Нужен мне работник
Дарья Зарубина
«…– Шел бы домой, Василич, – вполголоса проговорил он, досадливо качая головой. – Ну не дело это. У всех родня в работниках. Ты что мне дисциплину нарушаешь в колхозе? Этак все начнут к работникам ходить.
Дояр оглянулся, бросил на председателя горящий страшной яростью взгляд, но тотчас опустил глаза и, ссутулившись, побрел прочь от сарая.
– А ты куда смотришь, молокосос? Не хватило тебе того, что уже натворил! – напустился было председатель на Гришуню.
– Ничего я не делал, дядя Савва, сто раз тебе повторял! – отозвался паренек. – А Варька дура, сама…
Он недоговорил. Оба оглянулись на зоотехника и замолчали. Гришуня подошел к сараю, затолкал внутрь стоящую столбом мертвую Варю, запер двери, фыркнул и пошел восвояси.
Председатель обернулся к Жаркову.
– Ну, вот и увидел работников, – проговорил он серьезно. – Вот она, особинка знаменская…»
Дарья Зарубина
Нужен мне работник
Жердина была крепкая, толстая, раскалившаяся на солнцепеке, так что казалось, будто само дерево пышет жаром, стараясь сдержать янтарные смоляные слезы. Жарков потрогал ее, удивился, что такую хорошую жердь пустили на загородку. Старик не понял жеста. Видно решив, что приезжему неохота пачкать ручки, сам дернул слегу, вытягивая ее слева от стойки ворот, потом вторую, третью. Дорога была открыта. Жарков миновал ворота, старик провел следом за повод холеную блестящую лошадь.
– А что это у вас в такое пекло люди в поле? – спросил Жарков, вытирая испарину. – Народа не жалеет ваш председатель.
– Так это ж работники, – отмахнулся старик, – что им сделается? В этом году сено хорошее. Жаль будет, если перегорит.

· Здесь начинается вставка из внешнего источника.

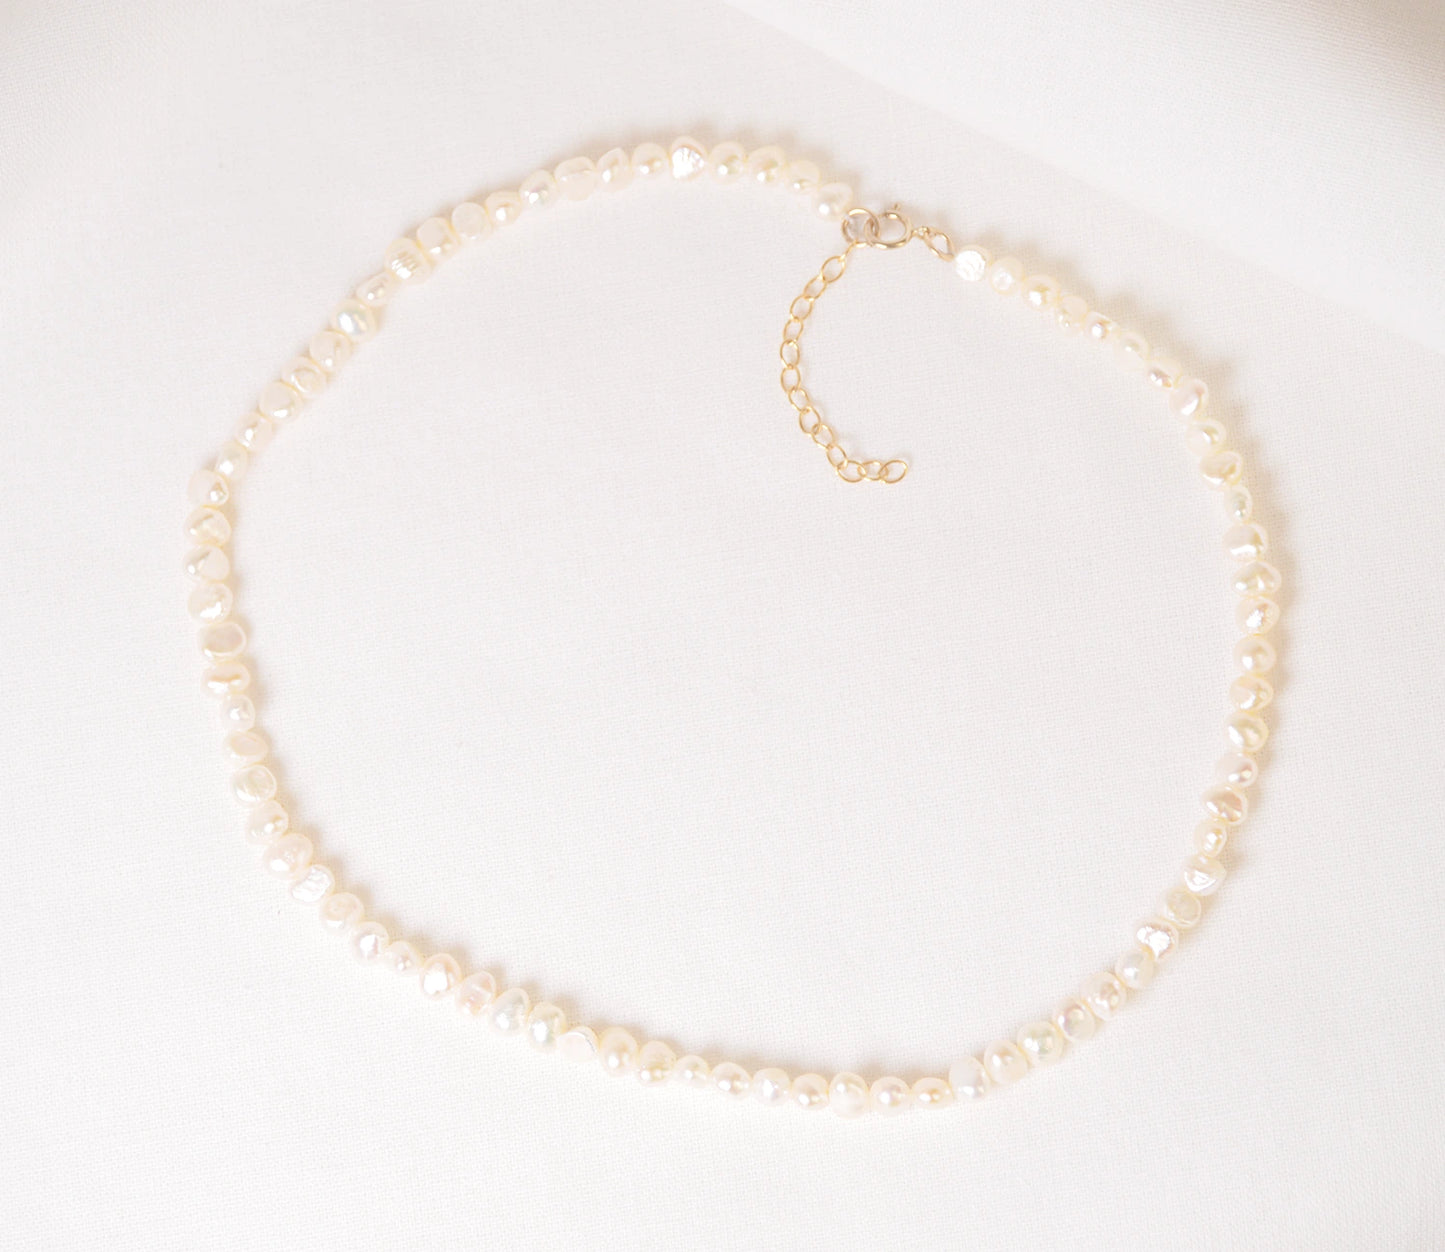 Gold freshwater Pearl Choker Necklace Set

– А работников не жаль? – буркнул себе под нос Жарков.
– Вы, Алексей Степаныч, ничего плохого не подумайте, – заторопился оправдать своих старый почтарь, – председатель у нас хороший, добрый, за всех сердцем радеет. И народ отзывчивый, открытый. А работники – это уж так повелось. Еще в тридцатые годы. А то вижу, что вы нас осуждаете.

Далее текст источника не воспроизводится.